Kryptopterus swimming in captivity.

Kryptopterus is a genus of catfishes belonging to the family Siluridae. They are found in freshwater throughout Southeast Asia. The scientific name comes from Ancient Greek kryptós (κρυπτός, "hidden") + ptéryx (πτέρυξ, "fin"). It refers to the reduced or even entirely absent dorsal fin of these catfishes.

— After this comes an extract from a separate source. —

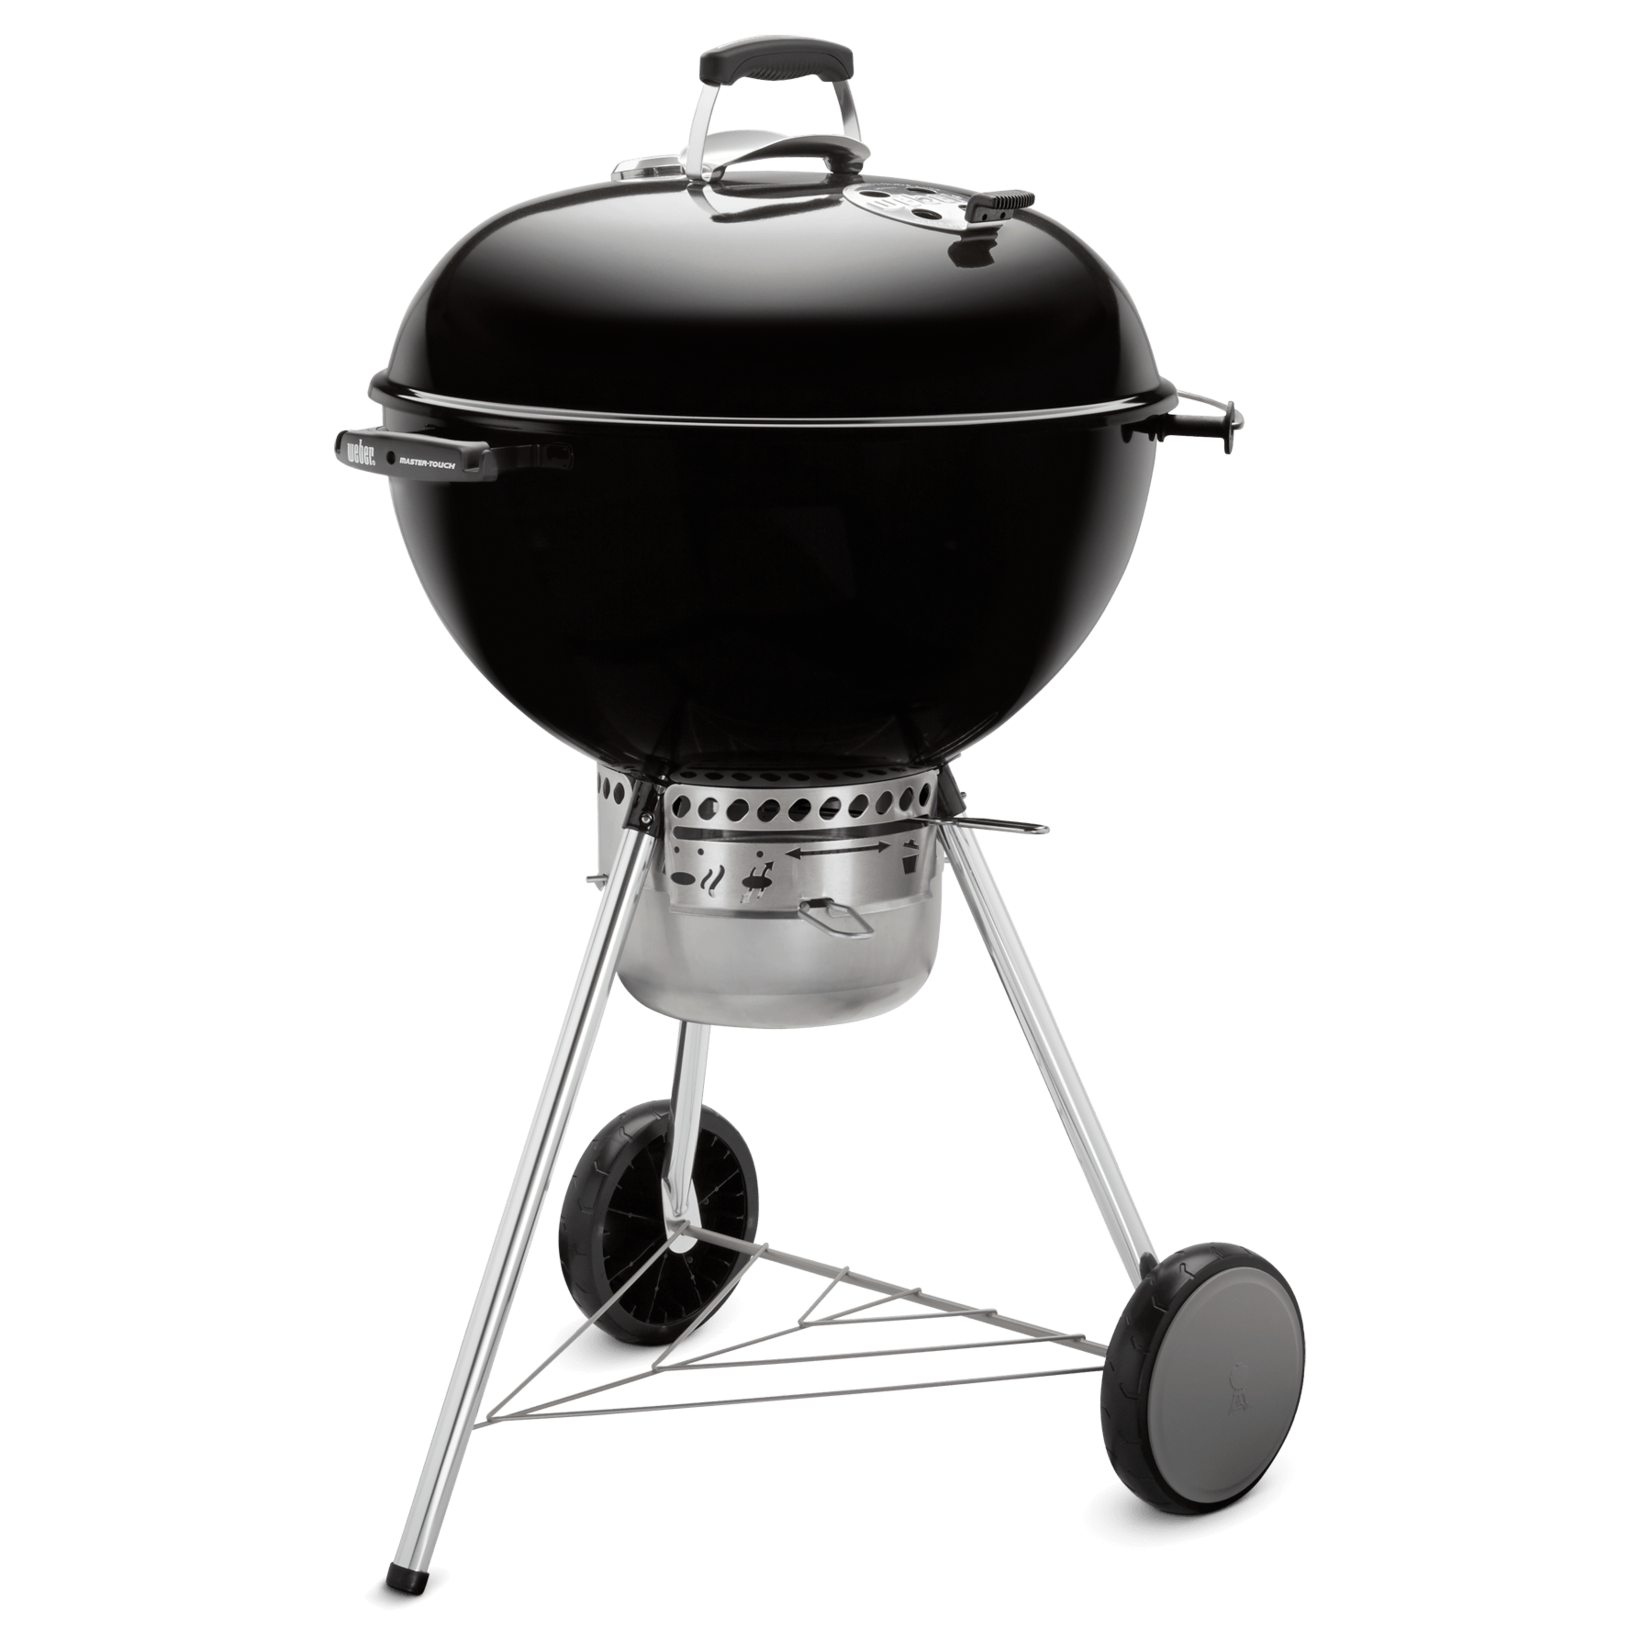 Weber Master-Touch 22" Charcoal Grill, Black

These small- to medium-sized catfishes have opaque, transparent or translucent bodies, hence their common name Asian glass catfishes. Despite this name, only three described species have clearly transparent bodies: K. minor, K. piperatus and K. vitreolus. Most significant among these is the ghost catfish (K. vitreolus), which is the "glass catfish" most often seen in the aquarium fish trade. This species was initially confused with the larger glass catfish (K. bicirrhis; infrequent in aquarium trade) and subsequently with K. minor (essentially absent from aquarium trade). This matter was only fully resolved in 2013.

==Species==
While 17 species have been described as of 2025, the genus Kryptopterus is notoriously rich in cryptic species. A number of these have been recognized in recent years, and more are likely to follow:
- Kryptopterus baramensis H. H. Ng, 2002
- Kryptopterus bicirrhis (Valenciennes, 1840)
- Kryptopterus cryptopterus (Bleeker, 1851) (blue sheatfish)
- Kryptopterus dissitus H. H. Ng, 2001 (Indochinese sheatfish)
- Kryptopterus geminus H. H. Ng, 2003
- Kryptopterus hesperius H. H. Ng, 2002 (Maeklong sheatfish)
- Kryptopterus lais (Bleeker, 1851)
- Kryptopterus limpok (Bleeker, 1852) (Long-barbel sheatfish)
- Kryptopterus lumholtzi Rendahl (de), 1922
- Kryptopterus macrocephalus (Bleeker, 1858) (Striped glass catfish)
- Kryptopterus minor Roberts, 1989 (Ghost catfish, glass catfish)
- Kryptopterus mononema (Bleeker, 1846)
- Kryptopterus palembangensis (Bleeker, 1852)
- Kryptopterus paraschilbeides H. H. Ng, 2003
- Kryptopterus piperatus H. H. Ng, Wirjoatmodjo & Hadiaty, 2004
- Kryptopterus schilbeides (Bleeker, 1858)
- Kryptopterus vitreolus H. H. Ng & Kottelat, 2013 (Ghost catfish, phantom catfish, ghost fish, glass catfish)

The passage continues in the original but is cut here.